Hi,
I am using Nvidia model optimizer ( https://nvidia.github.io/Model-Optimizer/guides/\_pytorch_quantization.html ) and converting Yolov7 official object detection model to below quantizations -
AVAILABLE_CONFIGS = {
"int8_default": mtq.INT8_DEFAULT_CFG,
"int8_smoothquant": mtq.INT8_SMOOTHQUANT_CFG,
"fp8_default": mtq.FP8_DEFAULT_CFG, # For H100 and newer GPUs
"w4a8_awq": mtq.W4A8_AWQ_BETA_CFG, # 4-bit weights, 8-bit activations
}
The problem is I am able to convert and the accuracy is also pretty fine (not sure whether quantization is working fine or not). When I do the inferencing, the int4 model is running very slow.
Here is my code
model_q = mtq.quantize(model_c, config, forward_loop)
checkpoint = {
'state_dict': model_q.state_dict(),
}
model_name = 'weights/yolov7_' + config_name + '.pth'
torch.save(checkpoint, model_name)
How do I convert the int4 model to trt engine format so that I can run it faster?

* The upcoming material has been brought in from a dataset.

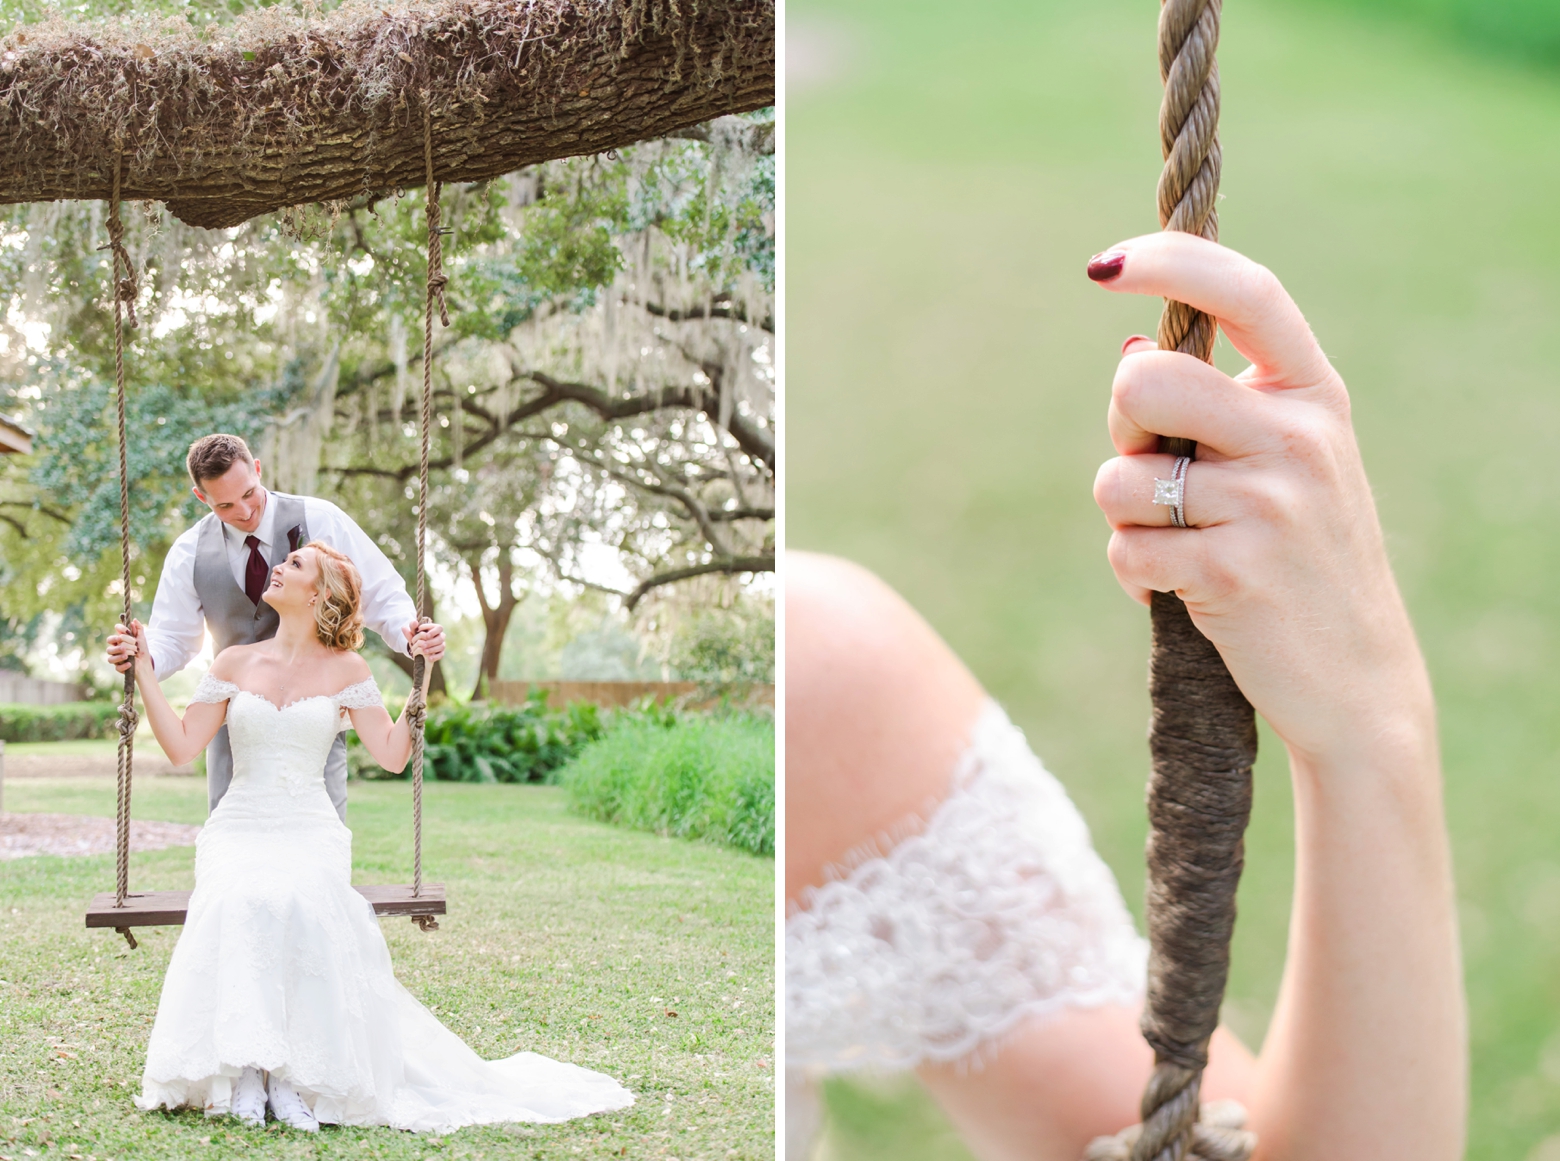 Bride and Groom take some time to swing on a tree swing and a close up of the wedding rings on her fingers as she holds the rope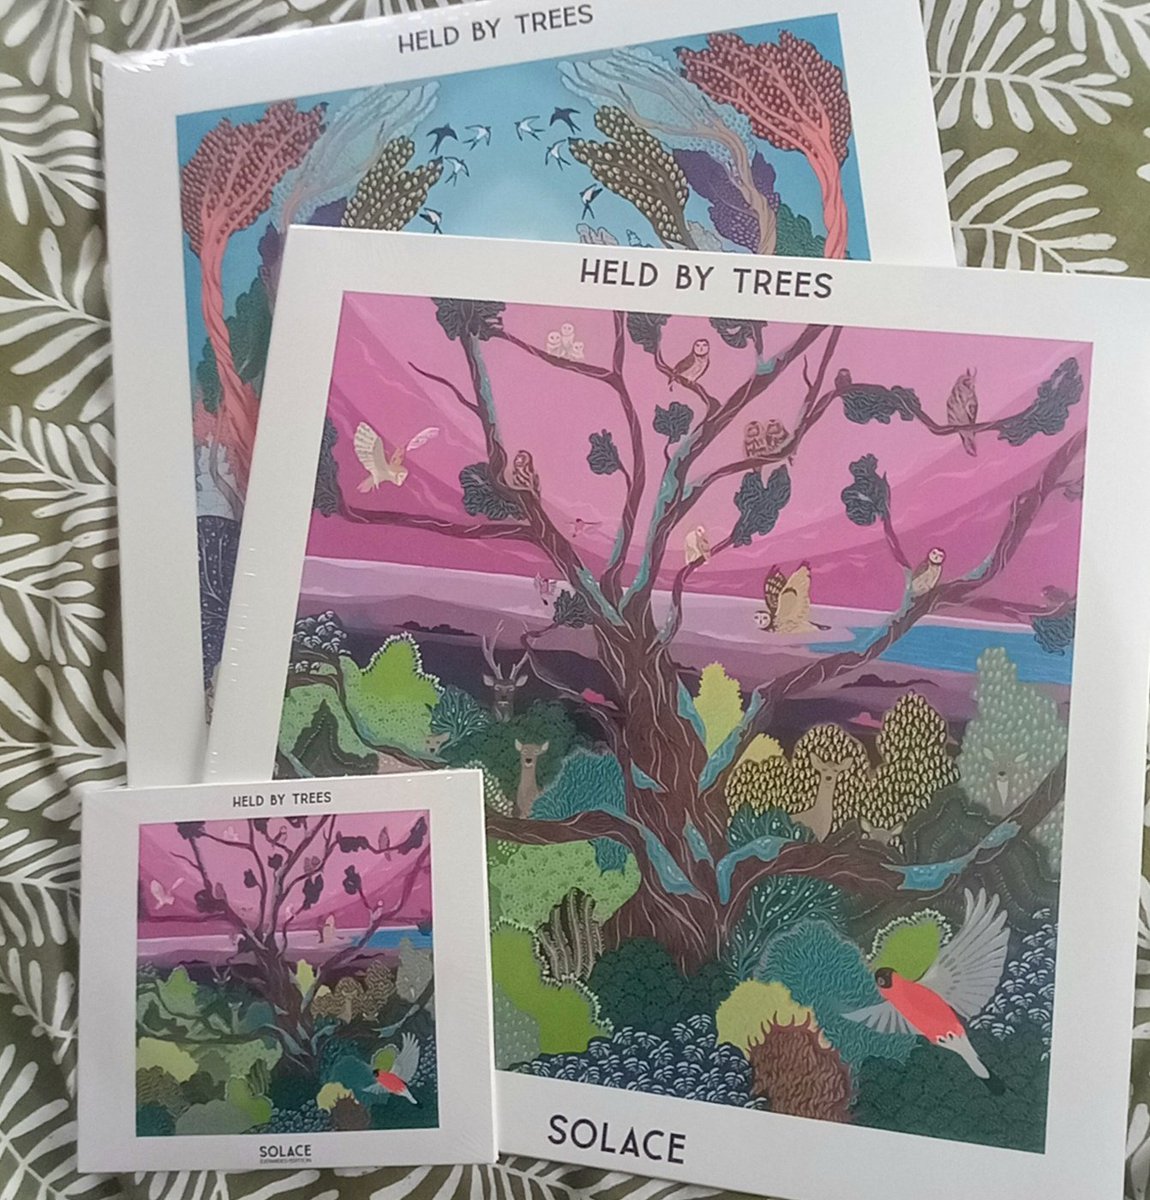 Happy to receive these beautiful records by @heldbytrees. Music that consciously evokes the sound and spirit of later Talk Talk, but with its own distinct personality, too.

Also, what does this mean?
================================================================================
Testing quantization config: w4a8_awq
Config details: {'quant_cfg': {'*weight_quantizer': [{'num_bits': 4, 'block_sizes': {-1: 128, 'type': 'static'}, 'enable': True}, {'num_bits': (4, 3), 'axis': None, 'enable': True}], '*input_quantizer': {'num_bits': (4, 3), 'axis': None, 'enable': True}, 'nn.BatchNorm1d': {'*': {'enable': False}}, 'nn.BatchNorm2d': {'*': {'enable': False}}, 'nn.BatchNorm3d': {'*': {'enable': False}}, 'nn.LeakyReLU': {'*': {'enable': False}}, '*lm_head*': {'enable': False}, '*proj_out.*': {'enable': False}, '*block_sparse_moe.gate*': {'enable': False}, '*router*': {'enable': False}, '*mlp.gate.*': {'enable': False}, '*mlp.shared_expert_gate.*': {'enable': False}, '*output_layer*': {'enable': False}, 'output.*': {'enable': False}, 'default': {'enable': False}}, 'algorithm': 'awq_lite'}
================================================================================
Thanks